Contrary to fears, interpretability techniques for Transformers seem to work well on new architectures like Mamba and Mixture-of-Experts. These architectures may even offer novel "affordances," such as interpretable routing paths in MoEs, that could make understanding models easier, not harder.
The field is moving beyond labeling concepts with sparse autoencoders. The new frontier is understanding the intricate geometric structures (manifolds) these concepts form in a model's latent space and how circuits transform them, providing a more unified, dynamic view.
Trying to simply block a model from learning an undesirable behavior is futile; gradient descent will find a way around the obstacle. Truly effective techniques must alter the loss landscape so the model naturally "wants" to learn the desired behavior.
To reduce hallucinations, Goodfire runs a detection probe on a frozen copy of a model, not the live one being trained. This makes it computationally harder for the model to learn to evade the detector than to simply learn not to hallucinate, addressing a key failure mode in AI safety.
Instead of only analyzing a fully trained model, "intentional design" seeks to control what a model learns during training. The goal is to shape the loss landscape to produce desired behaviors and generalizations from the outset, moving from archaeology to architecture.

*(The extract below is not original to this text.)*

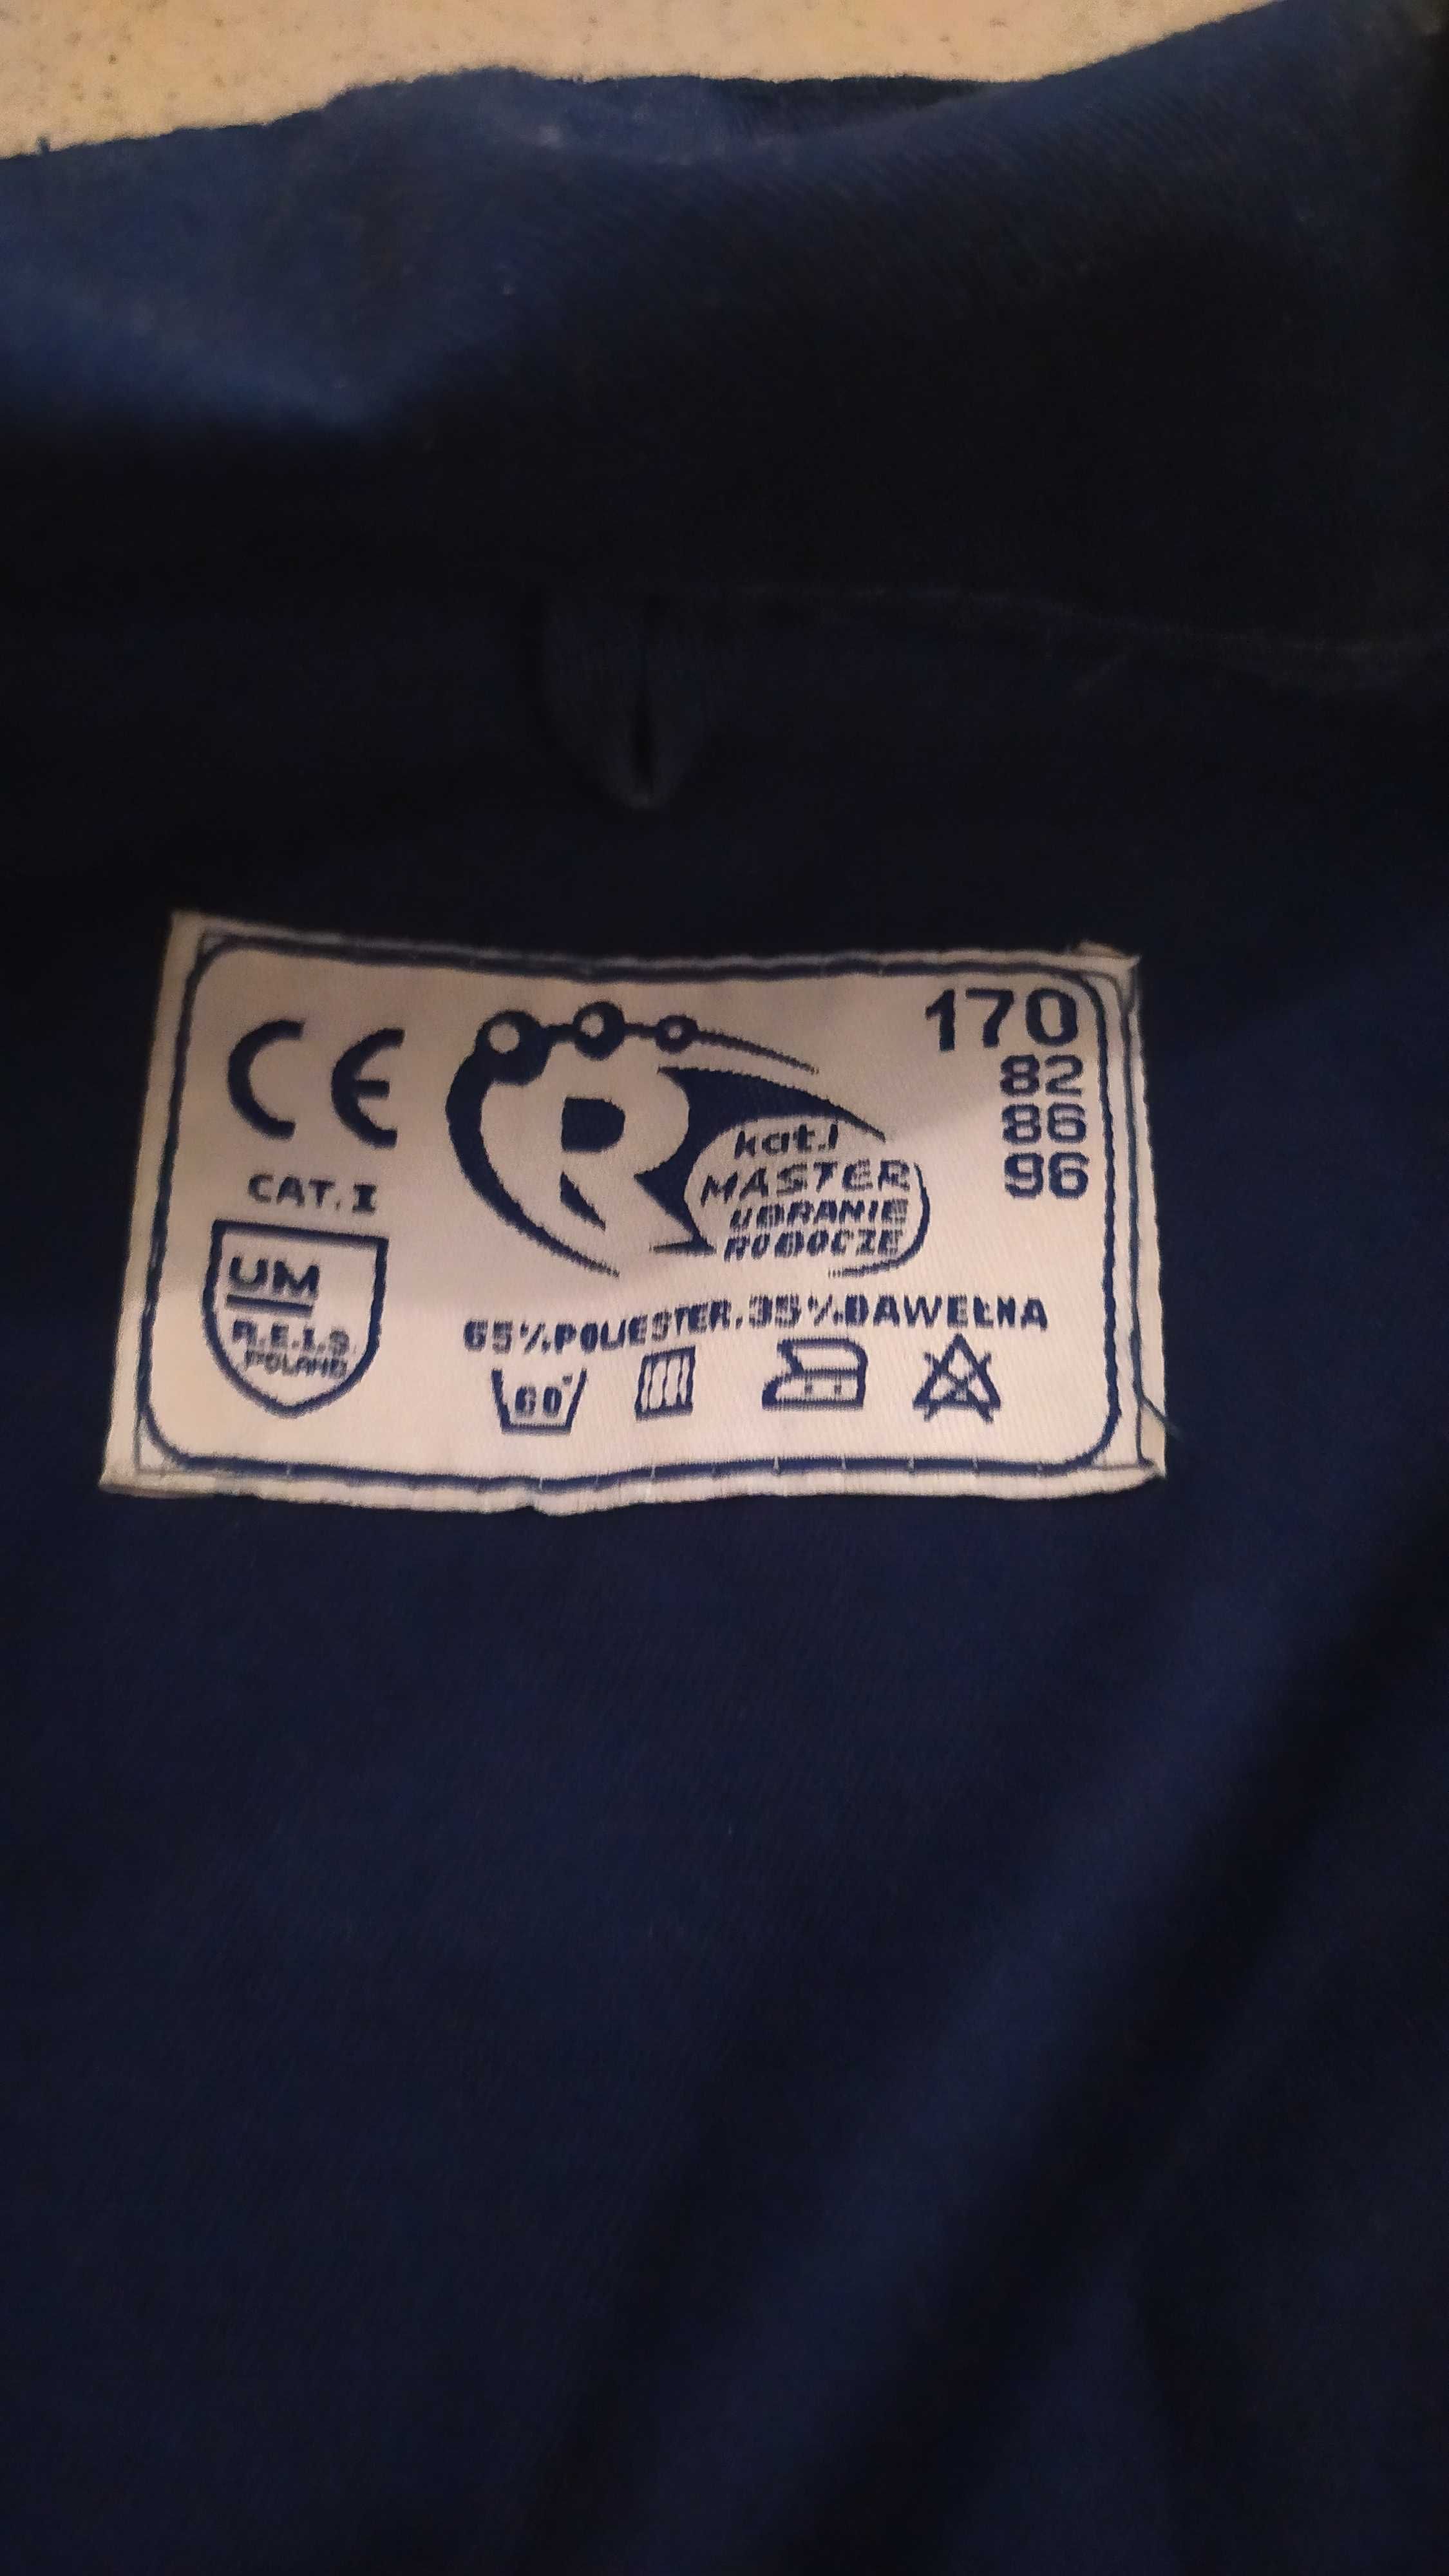 Ubranie robocze firmy Master rozm 170 nowe bluza kurtka S M

Using a sparse autoencoder to identify active concepts, one can project a model's gradient update onto these concepts. This reveals what the model is learning (e.g., "pirate speak" vs. "arithmetic") and allows for selectively amplifying or suppressing specific learning directions.
By analyzing a model predicting Alzheimer's, Goodfire discovered it relied on the length of cell-free DNA fragments—a previously overlooked signal. This demonstrates how interpretability can extract new, testable scientific hypotheses from high-performing "black box" models.
Instead of a low-touch SaaS product, Goodfire's business model involves high-value, seven-figure consulting engagements. They work directly with large organizations in finance, government, and life sciences to apply bespoke interpretability and intentional design techniques to specific, high-stakes problems.
Goodfire is cautious about immediately publishing all findings in sensitive areas like intentional design. This isn't just for commercial reasons, but for safety. If a research path proves dangerous, not having published every step allows the community a "line of retreat" from pursuing a harmful direction.
A model's ability to understand a user's mental state is crucial for helpfulness but also enables sycophancy. Effective alignment must surgically intervene in the specific circuit where this capability is misused for people-pleasing, rather than crudely removing the entire useful 'theory of mind' capacity.
Research shows it's possible to distinguish and remove model weights used for memorizing facts versus those for general reasoning. Surprisingly, pruning these memorization weights can improve a model's performance on some reasoning tasks, suggesting a path toward creating more efficient, focused AI reasoners.